Mr. Visoso’s outstanding director RSUs and vesting:
| Metric | Value/Detail |
|---|---|
| Outstanding RSUs (as of 12/31/2024) | 8,799 shares |
| Vesting schedule | 11 equal quarterly installments beginning January 23, 2025, subject to continued board service |
Other Directorships & Interlocks
- Current executive role: CFO of SanDisk Corporation since Feb 2025; previously senior finance executive roles at Western Digital, Unity Software, Palo Alto Networks, Amazon (AWS and Worldwide Consumer), Cisco, and Procter & Gamble.
- Related-party transactions: None disclosed involving Mr. Visoso; the only related-person transaction disclosed for 2024–2025 was a consulting arrangement with co-founder/director Frederic Simon.
Expertise & Qualifications
- Finance and Operations: Multi-decade CFO and senior finance leadership across consumer, enterprise software, cloud, and cybersecurity sectors.
- Industry breadth: Deep experience in cloud (AWS), cybersecurity (Palo Alto Networks), enterprise software (Unity, Cisco), and global consumer goods (P&G).
- Education: Industrial Engineering (BS) and minor in International Business, Tecnológico de Monterrey.
Equity Ownership
| Holder | Shares Beneficially Owned | % of Outstanding | Composition |
|---|---|---|---|
| Luis Visoso | 2,400 | <1% | 1,600 shares held of record; 800 RSUs vesting within 60 days of March 14, 2025 |
- Anti-hedging and anti-pledging: Company policy prohibits directors from hedging or pledging JFrog securities, engaging in short sales, or trading derivative securities on JFrog.
Governance Assessment
- Board effectiveness: As an Audit Committee member and cybersecurity subcommittee participant, Visoso strengthens financial oversight and cyber risk governance; Audit met five times in 2024 with structured oversight of internal controls, compliance, and cybersecurity.

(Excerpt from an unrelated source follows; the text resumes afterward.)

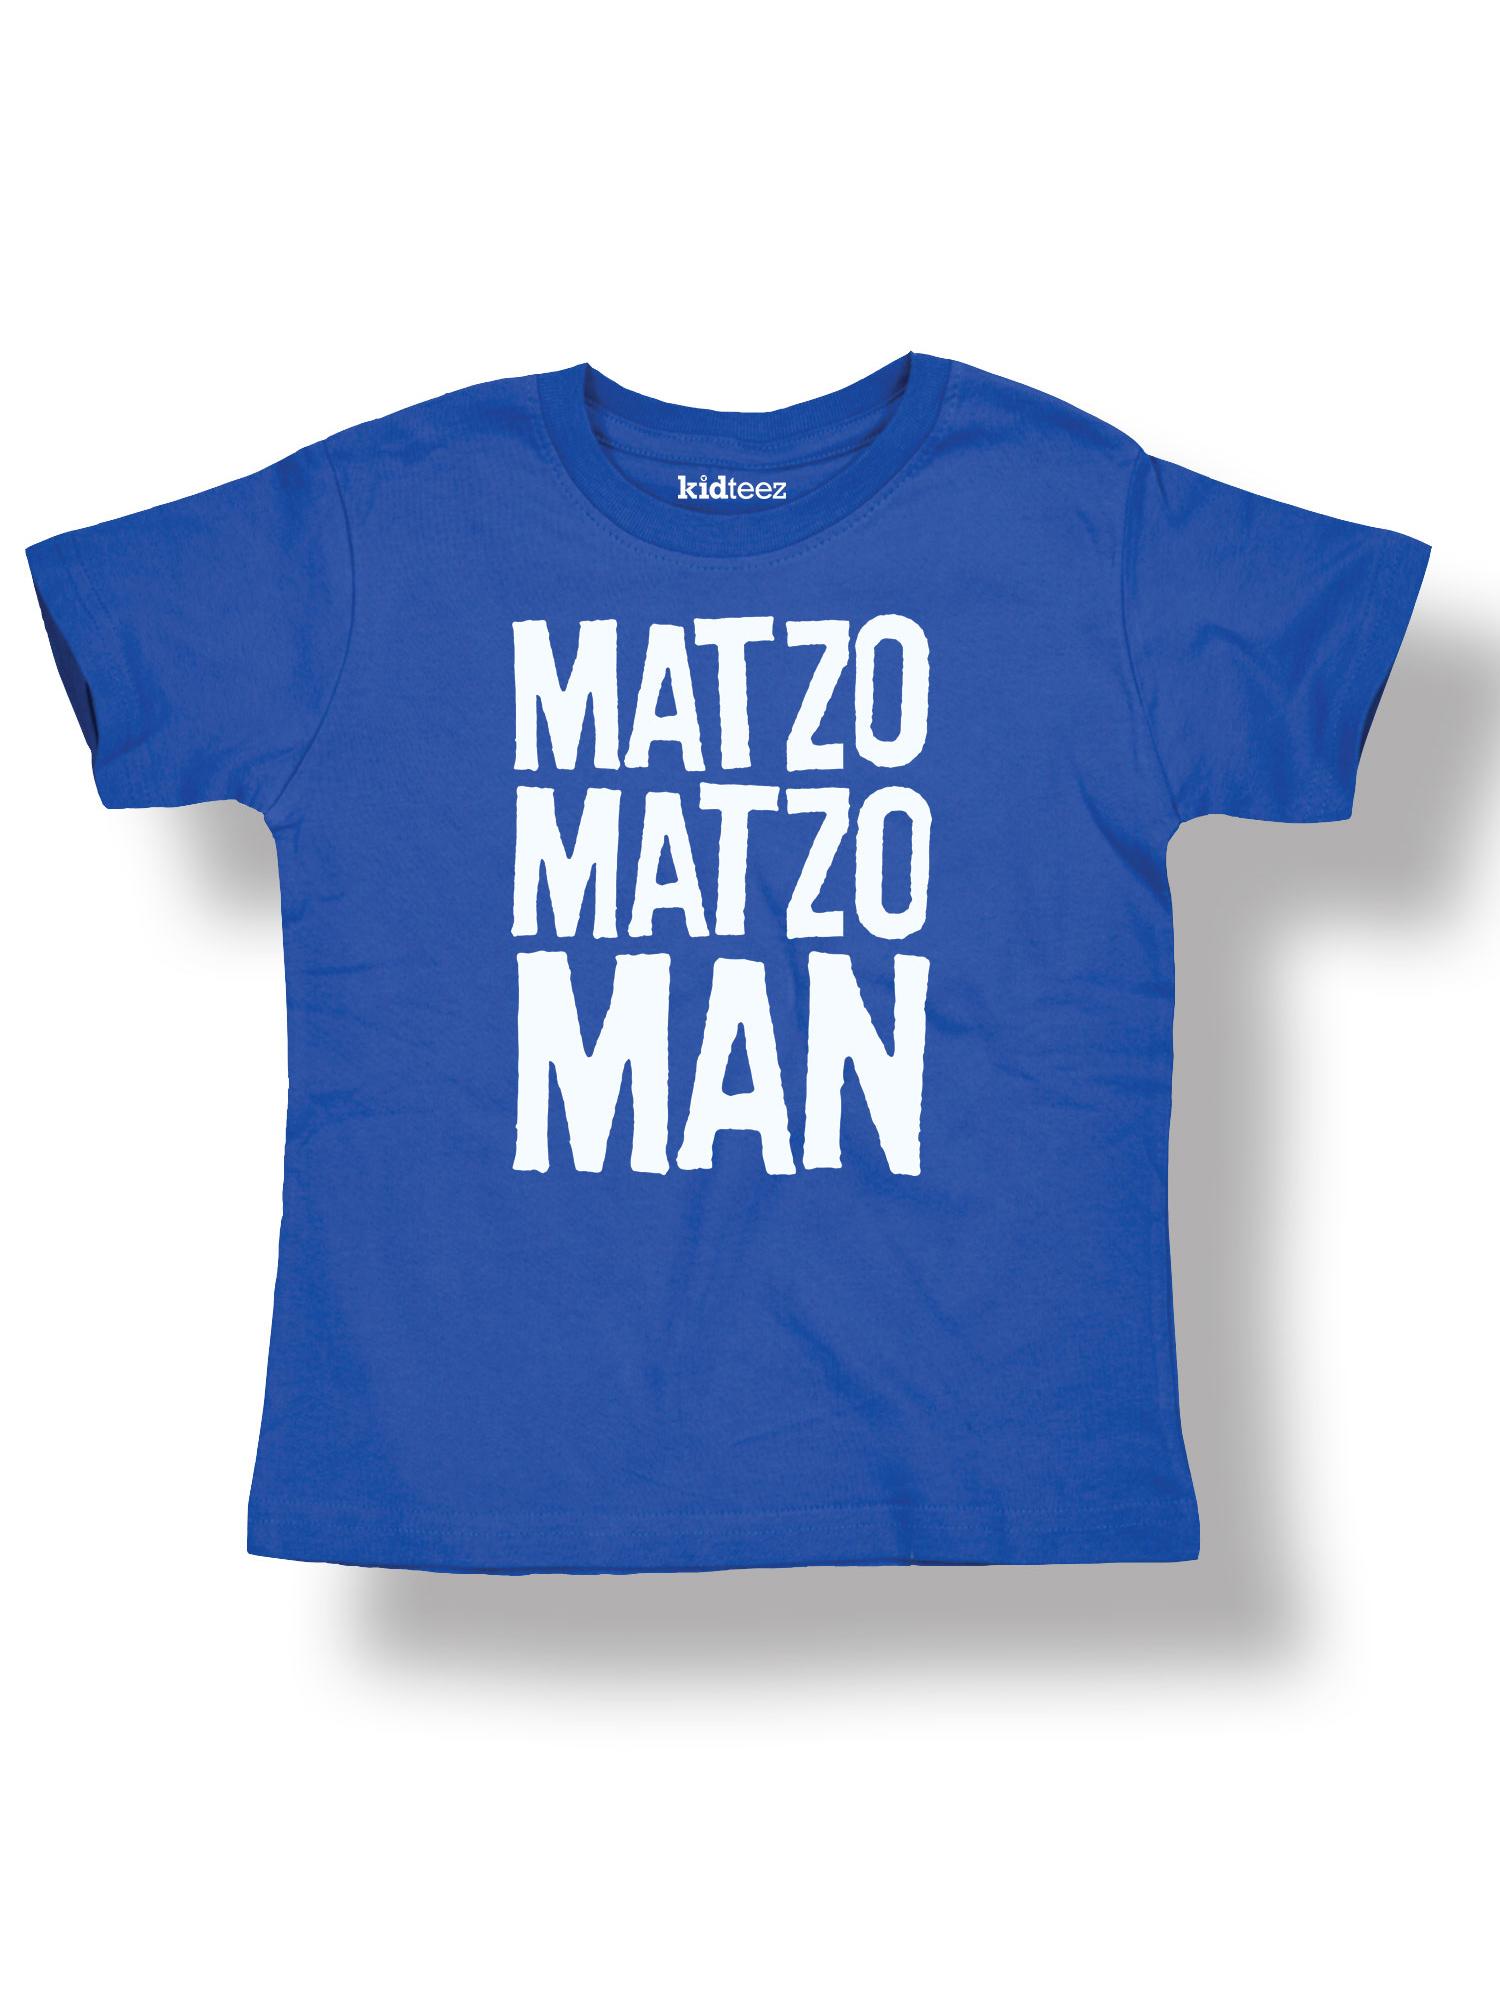 Matzo Matzo Man Cool Holiday Jewish-Toddler T-Shirt

- Independence & attendance: Board determined him independent and audit-committee qualified; directors, including Visoso, met minimum attendance thresholds (≥75%) in 2024.
- Alignment & incentives: Director pay structure balances modest cash retainers with equity; Visoso received $371,001 in 2024 stock awards and holds 8,799 outstanding RSUs with multi-year vesting, aligning interests with shareholders.
- Conflicts/related-party exposure: No related-party transactions or disclosed conflicts involving Visoso; his external CFO role at SanDisk presents potential ecosystem proximity but no reported interlock or transaction with JFrog.
- Risk indicators and policies: Robust clawback policy adopted in Oct 2023 per SEC/Nasdaq rules; strict insider trading and hedging/pledging prohibitions reduce misalignment and reputational risks.
Overall signal: Strong audit and cybersecurity oversight with clear independence and ownership alignment; low disclosed conflict risk. Pending shareholder approval, 2025 updates slightly increase director cash and equity compensation but remain within policy caps, with continued performance- and service-based alignment.